Disease of some form is fairly inevitable in a diverse ecosystem. Taken
on a simplistic level maybe we should celebrate disease as being
indicative of diversity! On the social level, this would be akin to
celebrating criminality I guess. On the intellectual level: I'm not
sure: celebrating plagiarism and scientific fraud and disputation for
it's own sake, I guess. However rather than try to stamp out the
diversity, higher level protocols have to be worked out. With respect
to disease - hygeine. With respect to criminality - laws. With
respect to intellectual abuse - professional ethics, I suppose. In each
case there is (or should be) a celebration of diversity - that is the
extinction of diversity should only be accomplished where the conflict
jeopardizes survival. Which kinda brings us to the state of current
world affairs, I suppose; but I don't want to go there today. But I
would note that it has been hypothesised that the current increases of
basic allergies suffered by children is due to a lack of building up
basic immunities to to over-use of basic hygeine practices. On the
social level this could be analogous to an over-refined set of social
structures (Victorian) where the presence of a mild profanity might
cause the moral equivalent of hyperallergic reaction. On the
intellectual level I guess this would be analogous to excessive witch
hunts and denouncements of heterodox opinions as unscientific. This
could also be expanded to attitudes related to pornography and hate
literature.
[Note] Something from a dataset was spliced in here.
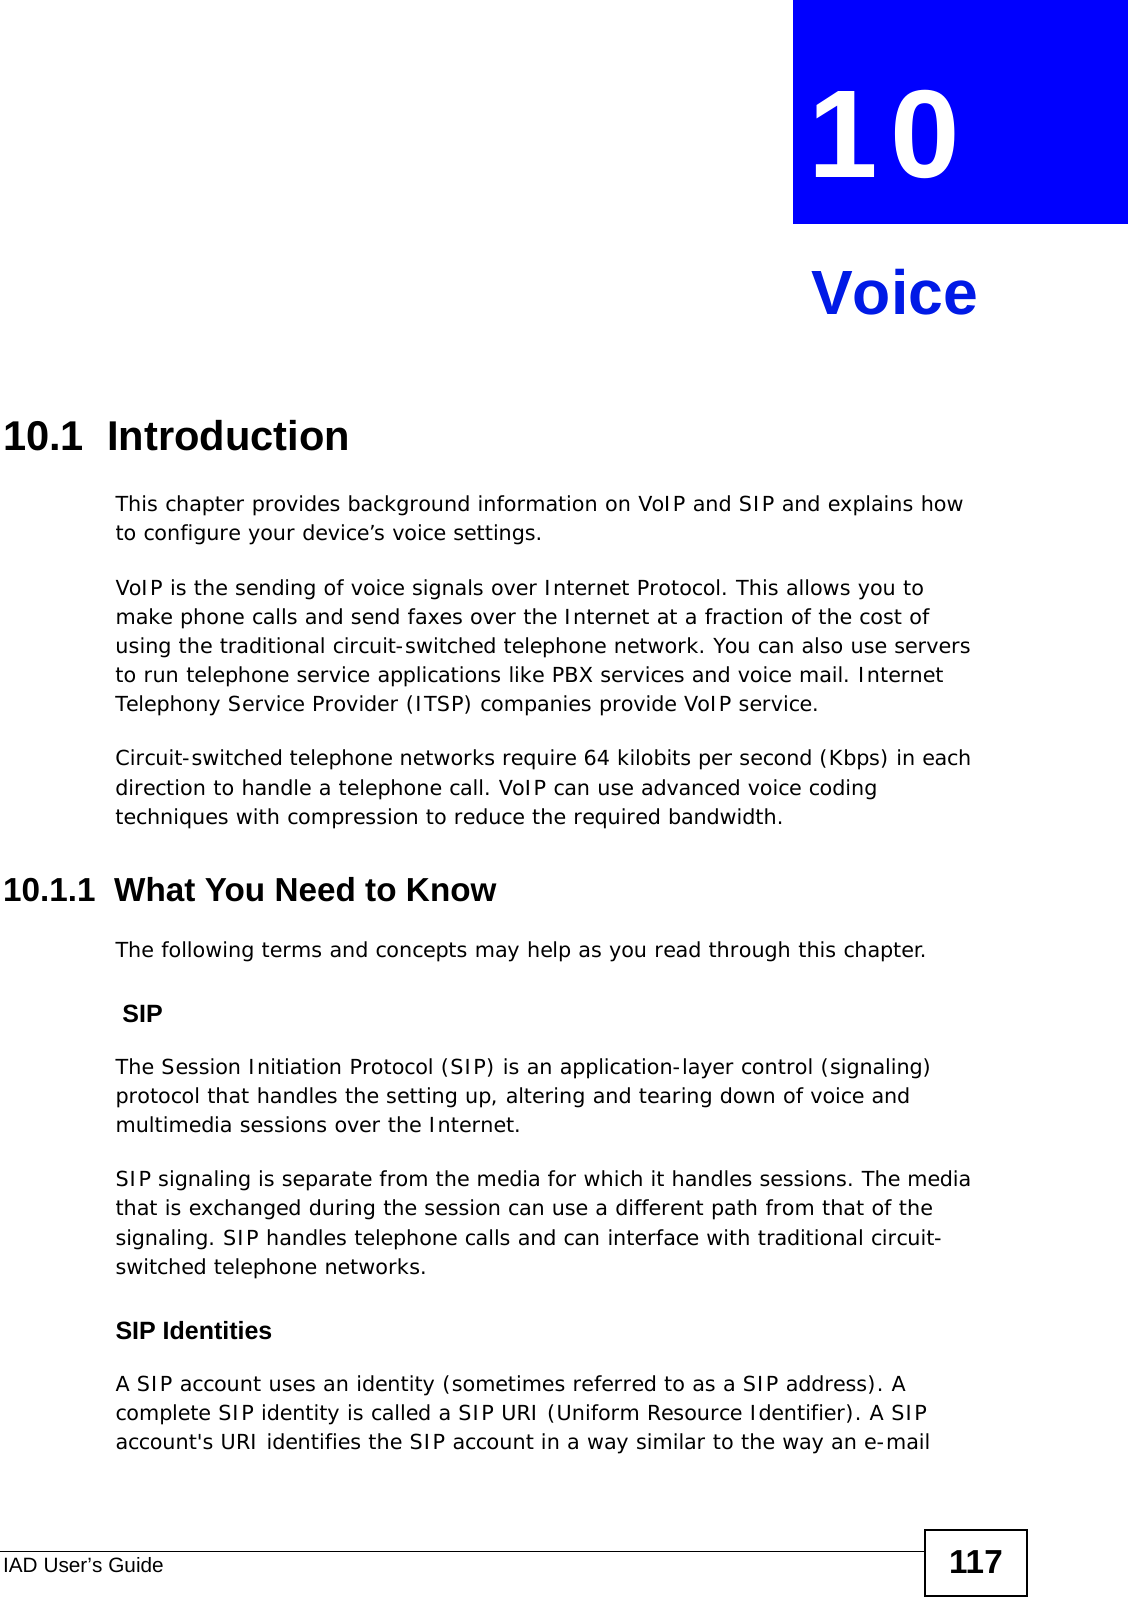 IAD User’s Guide 117CHAPTER  10 Voice10.1  Introduction This chapter provides background information on VoIP and SIP and explains how to configure your device’s voice settings.VoIP is the sending of voice signals over Internet Protocol. This allows you to make phone calls and send faxes over the Internet at a fraction of the cost of using the traditional circuit-switched telephone network. You can also use servers to run telephone service applications like PBX services and voice mail. Internet Telephony Service Provider (ITSP) companies provide VoIP service. Circuit-switched telephone networks require 64 kilobits per second (Kbps) in each direction to handle a telephone call. VoIP can use advanced voice coding techniques with compression to reduce the required bandwidth. 10.1.1  What You Need to KnowThe following terms and concepts may help as you read through this chapter. SIPThe Session Initiation Protocol (SIP) is an application-layer control (signaling) protocol that handles the setting up, altering and tearing down of voice and multimedia sessions over the Internet.SIP signaling is separate from the media for which it handles sessions. The media that is exchanged during the session can use a different path from that of the signaling. SIP handles telephone calls and can interface with traditional circuit-switched telephone networks.SIP IdentitiesA SIP account uses an identity (sometimes referred to as a SIP address). A complete SIP identity is called a SIP URI (Uniform Resource Identifier). A SIP account&apos;s URI identifies the SIP account in a way similar to the way an e-mail

Celebrating pornography and hate literature per se would be
celebrating the disease as evidence of diversity. To use the law
against them however should be used with caution. I guess this would be
the case when the pornography involved or encouraged rape or child abuse
(non-consensual acts), or where the hate literature consituted
incitement to violence.
However, a lot of this is reasoning (at least I hope it's reasoning) by
analogy and should be used with caution. Each case should be taken on
it's own merits. Overgeneralisation is an intellectual problem.